Margaret

Oleh Helfizon Assyafei
Namanya Margaret. Diam-diam daftar UI dan lulus. Gadis kampung di Kupang itu mengaku sempat diejek guru dan tetangga: kalau miskin jangan coba kuliah. "Sempat dibilang juga 'Miskin banyak gaya kuliah di Jawa'," imbuhnya.
(Berita Nasional)
==========
Tidak semua orang suka bila kita sukses. Apalagi miskin. Tapi begitulah hidup. Iri dan dengki akan selalu ada disekitar kita. Sifat itu tumbuh di hati yang memiliki ‘penyakit’. Jadi biarkan saja. Kita harus menerima kenyataan tidak semua orang suka pada kita. Baik kita sukses ataupun tidak. Tak apa. Ngga usah dipirkaan karena itu alamiahnya hidup. Alamiahnya dunia.
Namun ada juga respon netizen yang agak mengejutkan. Begini kata mereka. “Gak salah juga sih guru dan tetangga nya. Karena pendidikan tingkat universitas sekarang mahalnya minta ampun, gak sebanding dengan pemasukan orang tua,” ujarnya. Lalu mereka bertutur tentang potret realitas masa kini itu.
Kalau anaknya gak secerdas sepintar yang juara olimpiade sains fisika, rada mustahil bisa seperti Margaret. Sekarang pendidikan universitas lebih ke komersial dibandingkan investasi ilmu. Keluar uang ratusan juta rupiah lulus belum tentu bisa masuk dapat kerjaan yang baik.
Artinya untuk anak yang dari menengah bawah (bukan miskin) dan anaknya gak terlalu cerdas akademik nya itu akan sangat membebani orang tua.
***
Kebetulan saya merasakan apa yang dikatakan netizen itu. Bahkan jika anak Anda lolos di universitas negeri maka biayanya jutaan juga, gak sebanding dengan pemasukan saya sebagai orangtua. Meski saya sudah lakukan banding dan menceritakan kondisi saya sebenarnya, hasilnya hanya turun satu trip. Tetap jutaan juga boi.
Sampai-sampai putri saya berkata pada saya. “Dah la pa, kakak ngga usah aja kuliah.” Saya kuatkan semangatnya. “Kakak harus kuliah berapapun baiayanya itu urusan pa.” Dia sempat terlihat sedih setelah tahu berapa biaya per semesternya. Saya tetap menghiburnya.
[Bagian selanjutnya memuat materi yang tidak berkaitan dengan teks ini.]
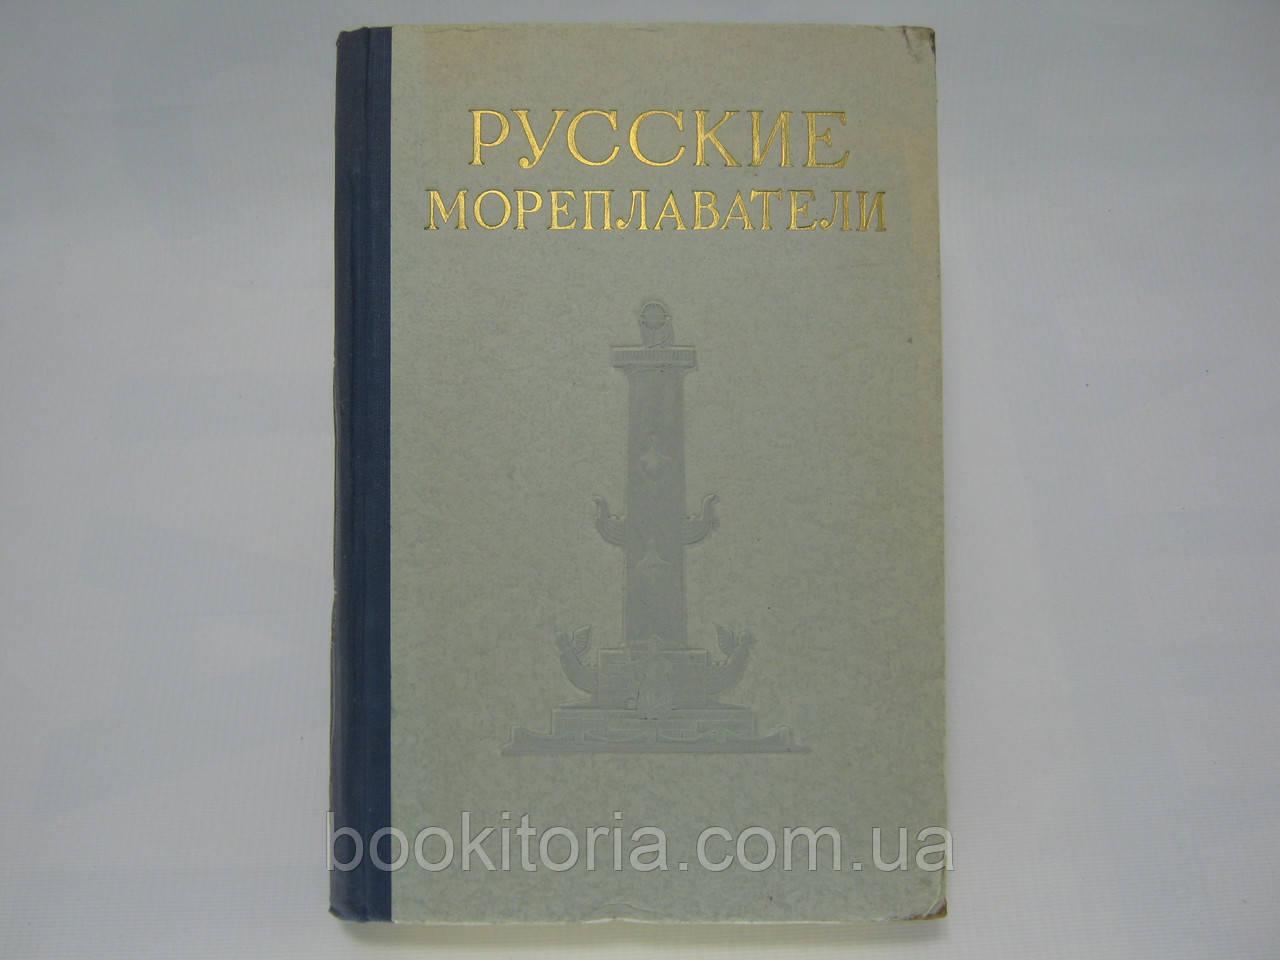 Русские мореплаватели (б/у).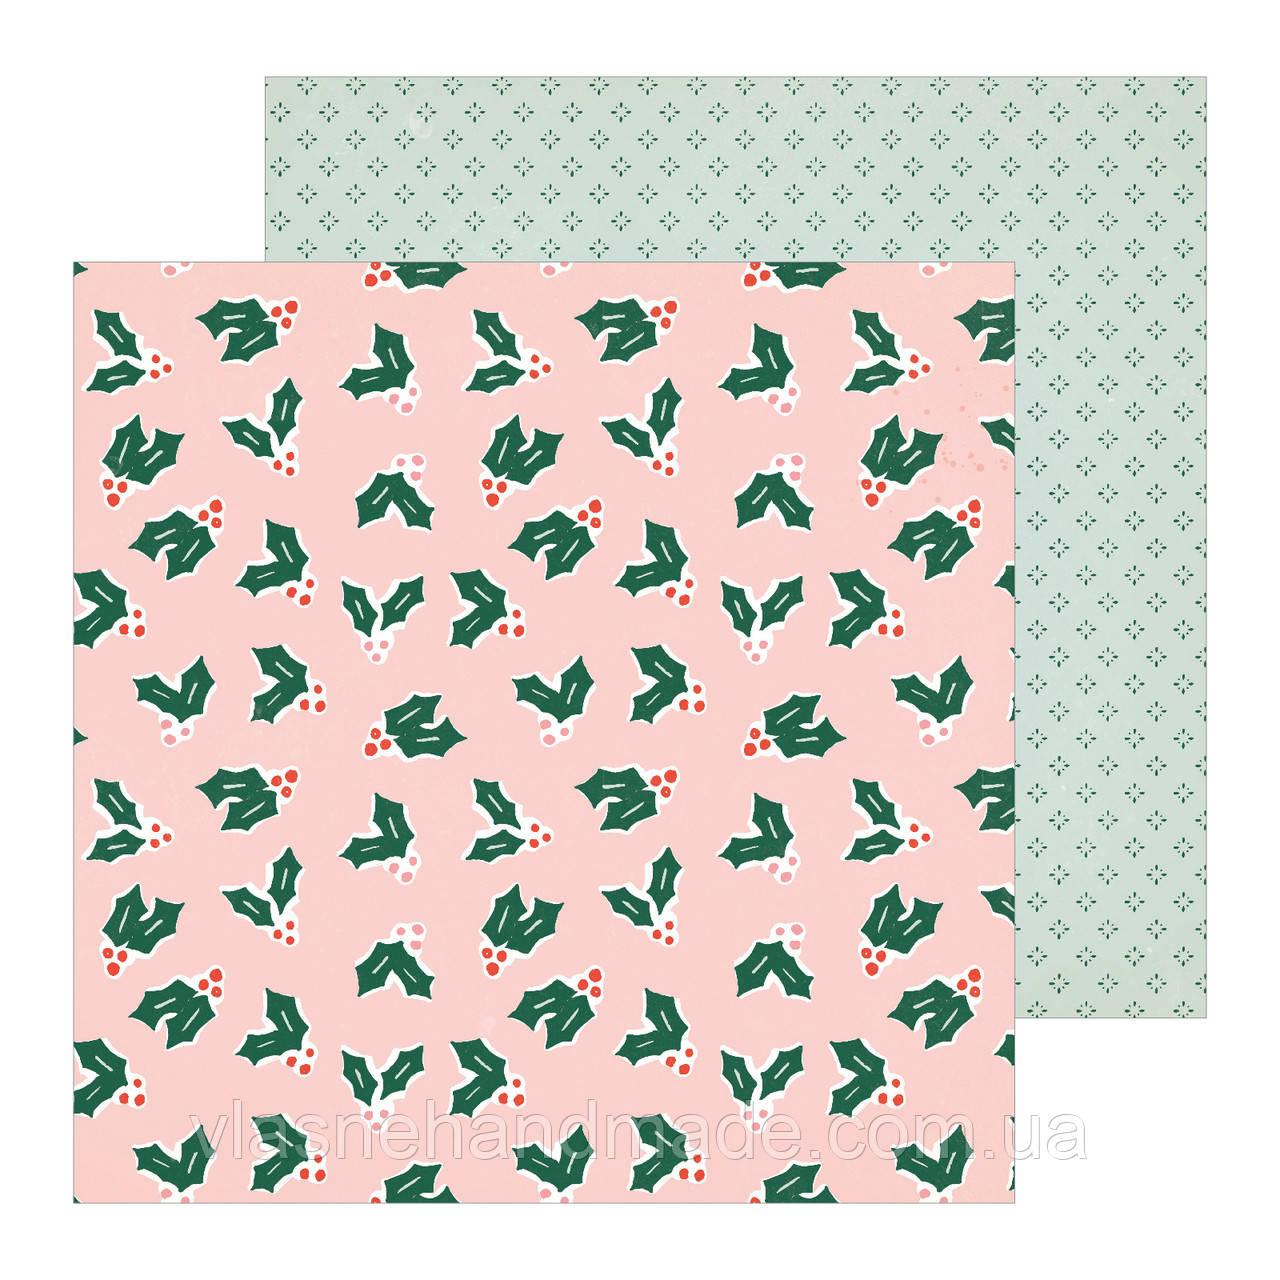 Папір двосторонній -  MERRILY -  Merry Days - Crate Paper - 30х30

Padahal dari pendidikanlah kita berharap generasi muda tumbuh dan berkembang dizamannya mendatang. Memajukan Indonesia tercinta ini. Kalau saja sektor ini diseriusi, disubsidi penuh APBN sehingga universitas negeri tidak harus mencari biaya sendiri yang dibebankan ke mahasiswa baru maka pastilah biaya kuliahnya terjangkau.
Seperti era saya dulu. Saya anak yatim dan ibu saya tidak ada penghasilan kecuali mengharapkan pensiun tak seberapa ayah saya yang PNS. Meski demikian masih bisa menguliahkan saya. Padahal diuang pensiun itu semuanya jadi tumpuan. Ya biaya hidup emak, kakak-kakak dan saya. Tapi saya masih bisa kuliah di universitas negeri. Saya ingat biaya persemesternya kala itu Rp108.000.
Masa itu telah lama berlalu. Dulu saya mengira makin maju negara makin rendah biaya pendidikannya. Dan ternyata saya keliru. Yang terjadi sebaliknya.